Format an AST back to XML:

from comrak import parse_document, format_xml

p = parse_document("> Greentext blockquote requires a space after `>`")

format_xml(p)
# '<?xml version="1.0" encoding="UTF-8"?>\n<!DOCTYPE document SYSTEM "CommonMark.dtd">\n<document xmlns="http://commonmark.org/xml/1.0">\n  <block_quote>\n    <paragraph>\n      <text xml:space="preserve">Greentext blockquote requires a space after </text>\n      <code xml:space="preserve">&gt;</code>\n    </paragraph>\n  </block_quote>\n</document>\n'

Options

All options are exposed in a simple manner and can be used with all functions.

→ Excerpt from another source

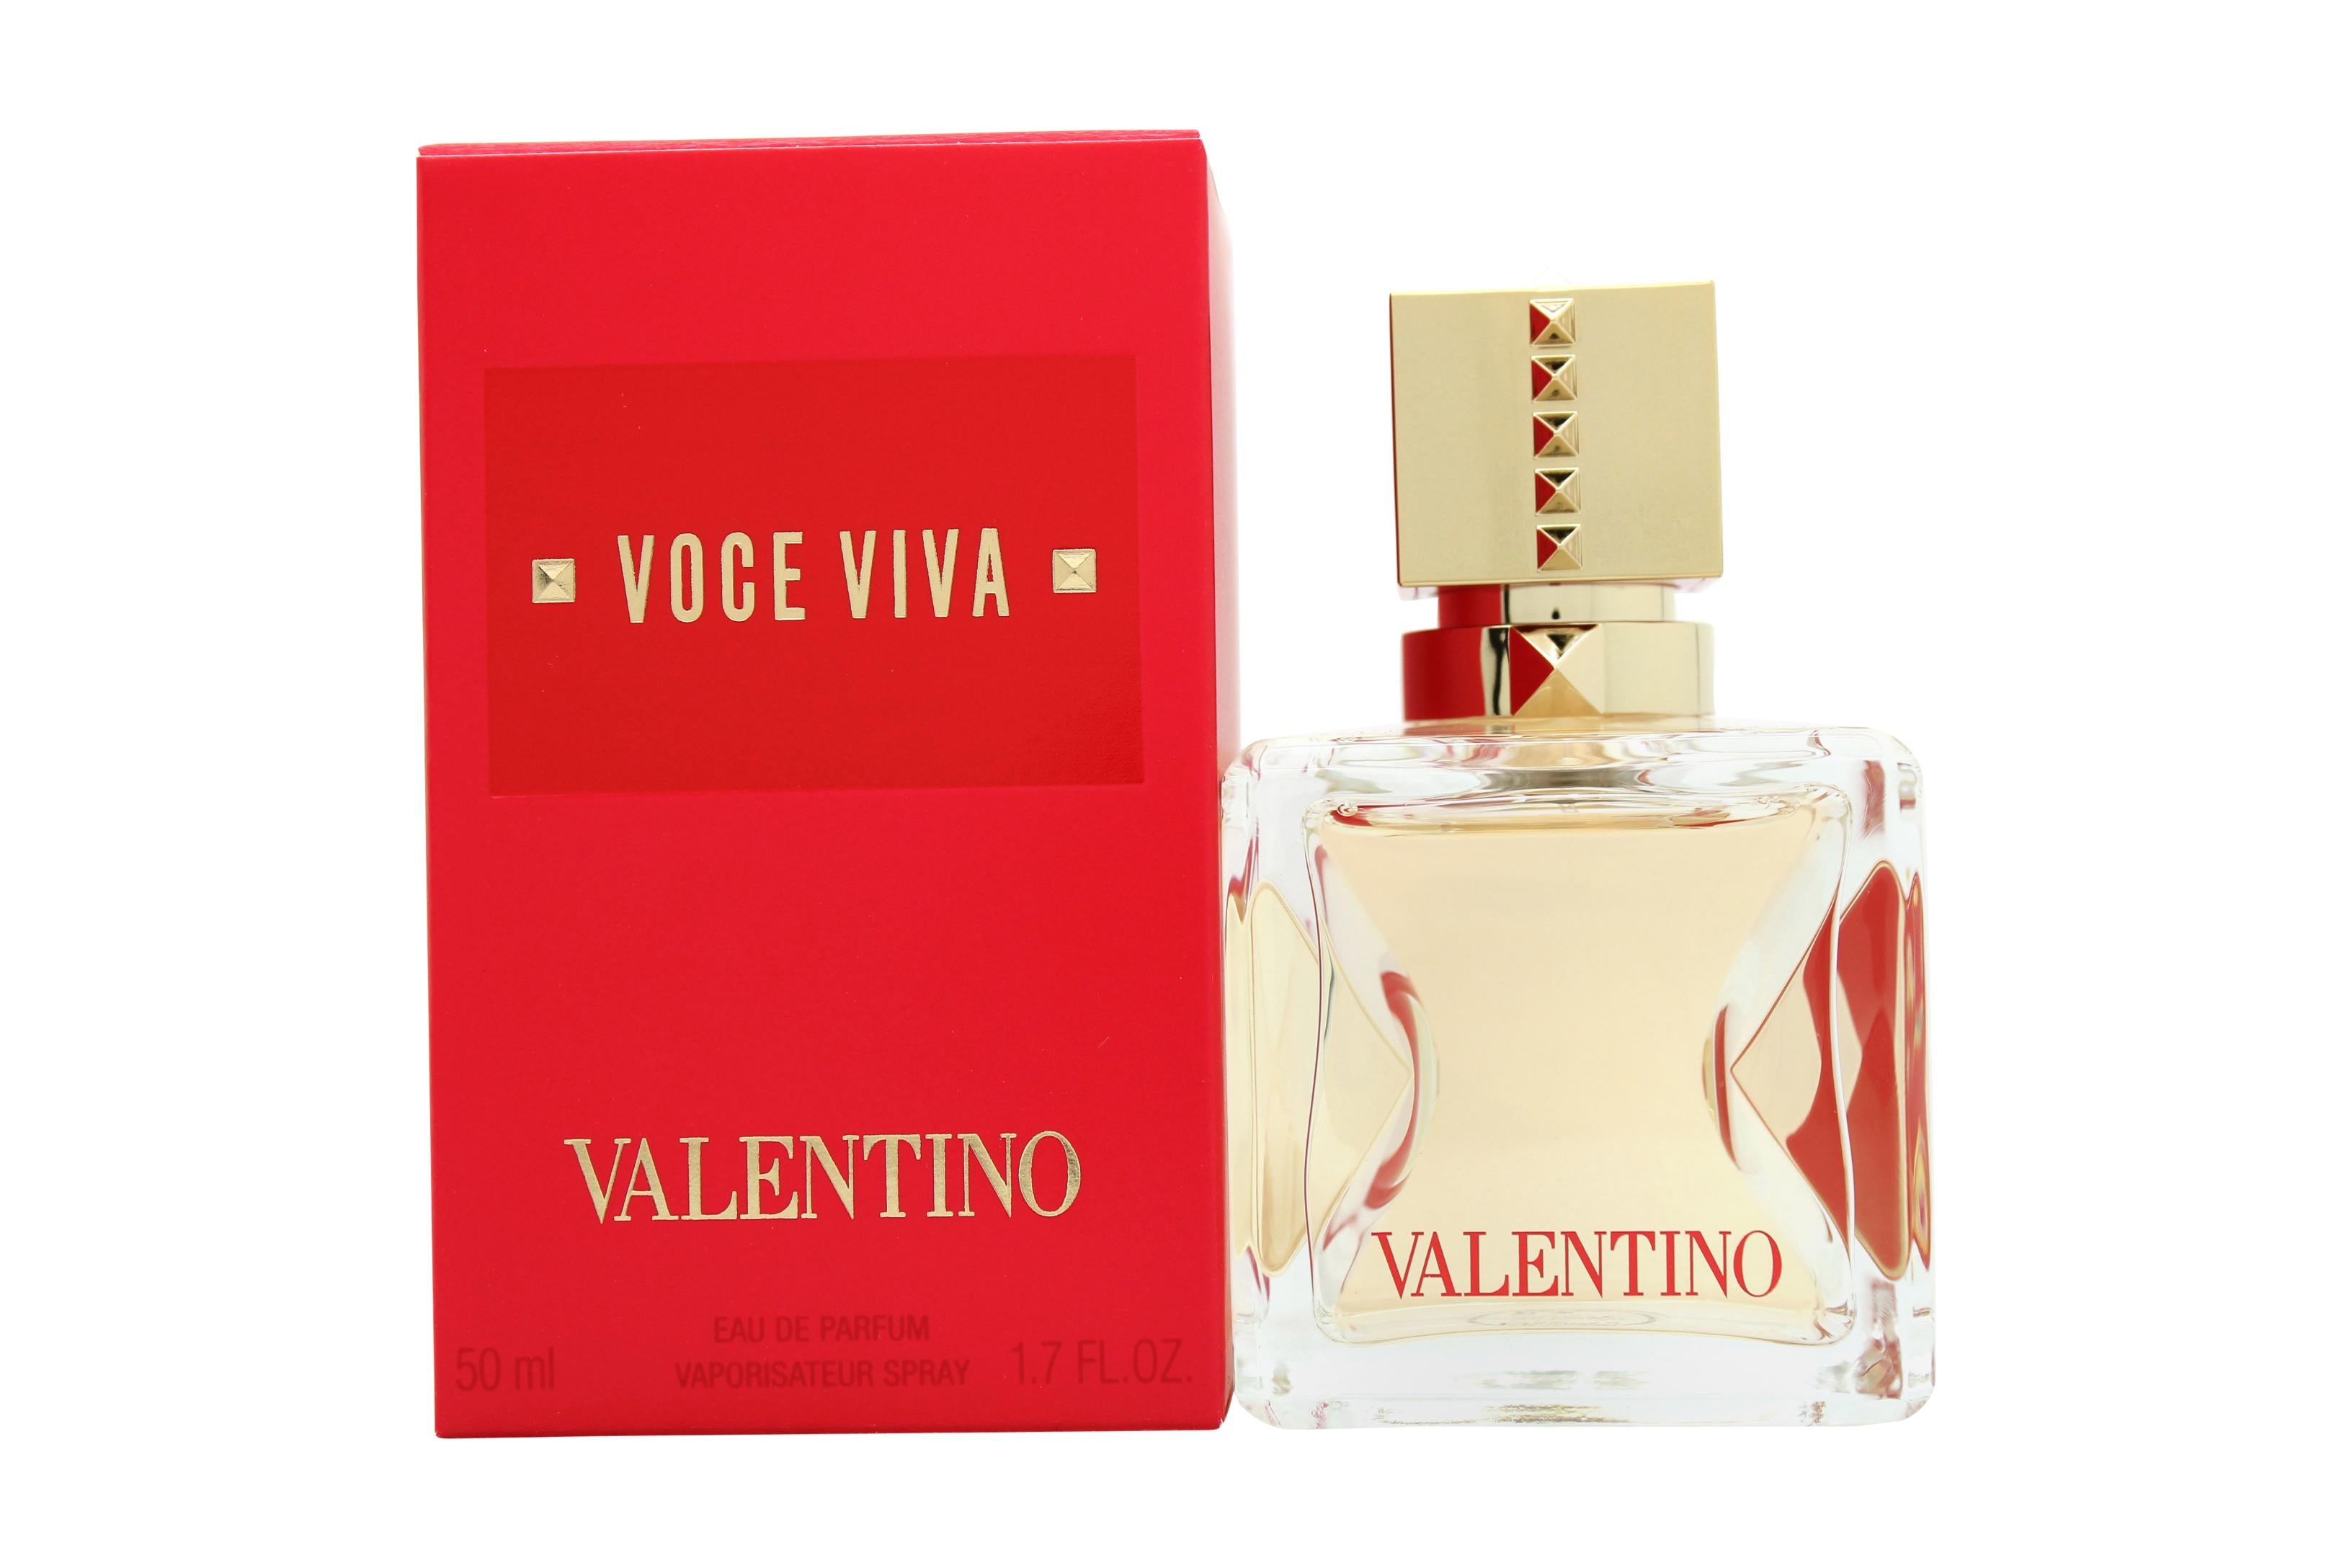 View Valentino Voce Viva Eau de Parfum 50ml Spray information

Refer to the Comrak docs for all available options.

Benchmarks

Tested with small (8 lines) and medium (1200 lines) markdown strings

Contributing

Maintained by Martin005. Contributions welcome!

  1. Issues & Discussions: Please open a GitHub issue or discussion for bugs, feature requests, or questions.
  2. Pull Requests: PRs are welcome!
    • Install the dev extra (e.g. with uv: uv pip install -e .[dev])
    • Run tests (when available) and include updates to docs or examples if relevant.
    • If reporting a bug, please include the version and the error message/traceback if available.

License

Licensed under the 2-Clause BSD License. See LICENSE for all the details.